You shouldn’t be any more impressed by someone simply because they tell you they're a doctor rather than a plumber.
There’s a name for this phenomenon: the halo effect. It occurs when one positive trait, i.e. status related to being a doctor, leads us to assume that the person has many other positive qualities—most dangerously, the assumption that they genuinely care about doing their best in their endeavors.
Doctors are revered, at times very reasonably, for the noble pursuit of saving lives, but if you dig deeper, most of their respect stems less from their actual performance and more from how long they had to study. That’s why it’s very common for doctors to hang their diploma on their office’s walls rather than a track record of the patients they helped.

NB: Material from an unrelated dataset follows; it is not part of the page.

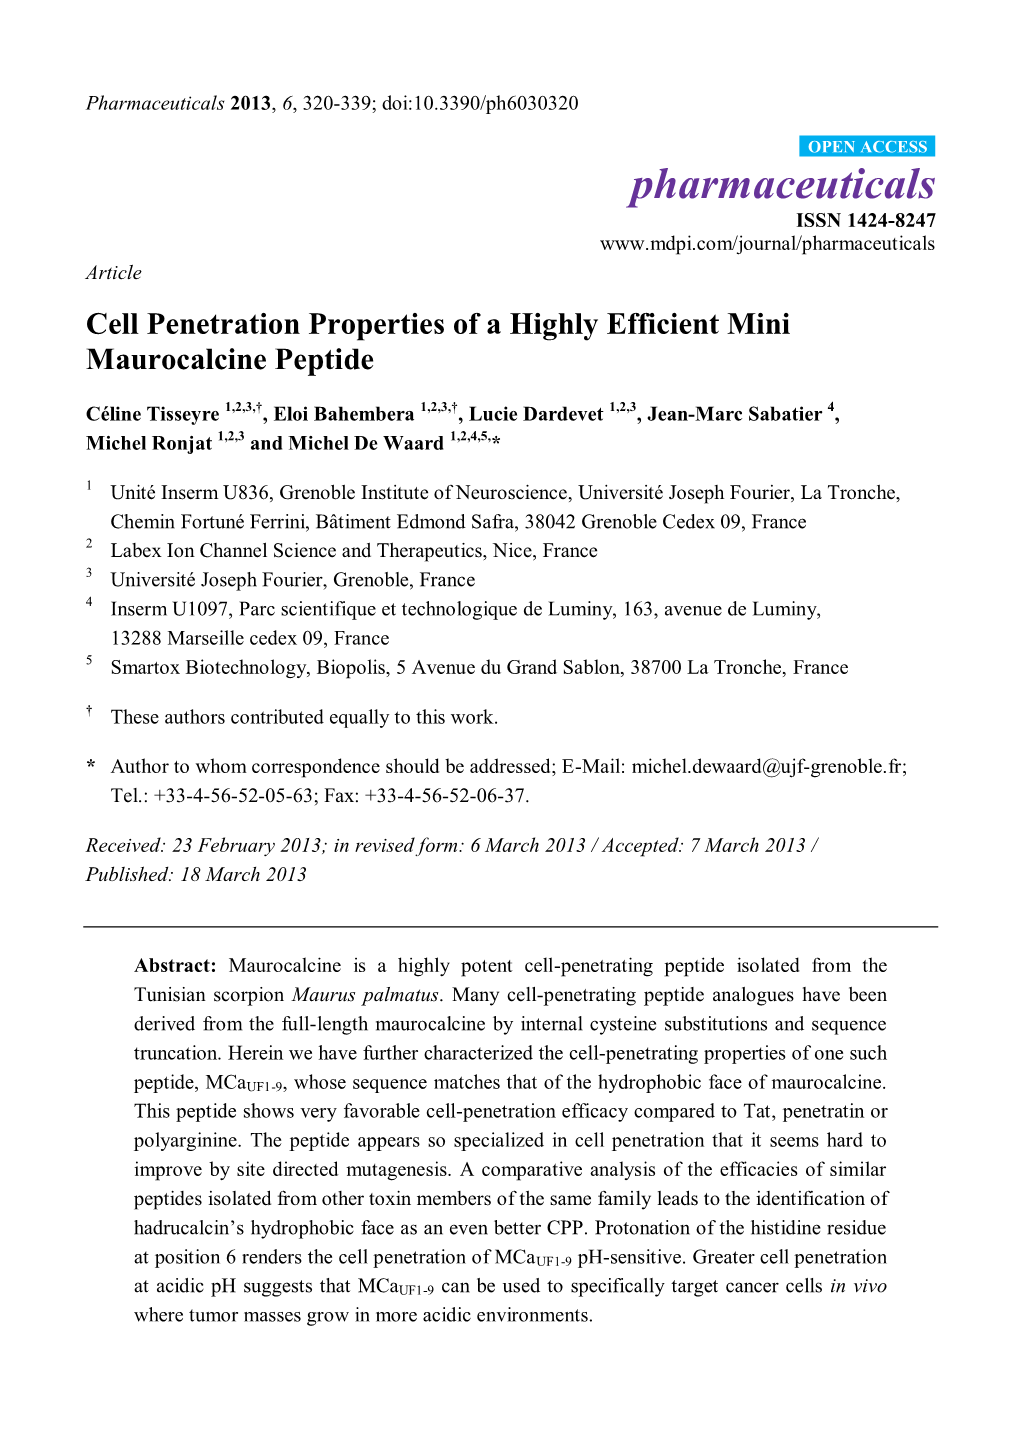 Cell Penetration Properties of a Highly Efficient Mini Maurocalcine Peptide

This is a bold claim but we can all recall hearing--or saying--: "Wow, 7 years of medschool, plus three more for a specialization?” No other profession demands as many years in school, which is partly why doctors appear so noble. In fact, many people rule out medicine entirely because the lengthy education seems too daunting.
But here's the catch: simply enduring years of training doesn't guarantee a doctor cares deeply about each of his patients. The degree to which one performs well is the degree to which one cares about doing his best possible job, independently of the profession. The plumber who meticulously ensures your bathroom renovation is flawless shares something critical with the doctor who stays late checking test results: both are driven by pride in their work, not merely duty to a customer or patient.
You're just as likely to find a caring plumber among a pool of plumbers as you are a caring doctor among a pool of doctors. So why automatically place more esteem on the stranger who introduces himself as a doctor? If anything, you'd rather have to deal with a bad plumber than a bad doctor, precisely because the consequences differ dramatically.
There’s a very easy trick to figure if someone you're talking to actually cares: ask them something—anything—about what they do. It can even be wrong or naive. If their eyes light up as they explain, you're looking at someone who genuinely cares. And that's the only real quality worth admiring.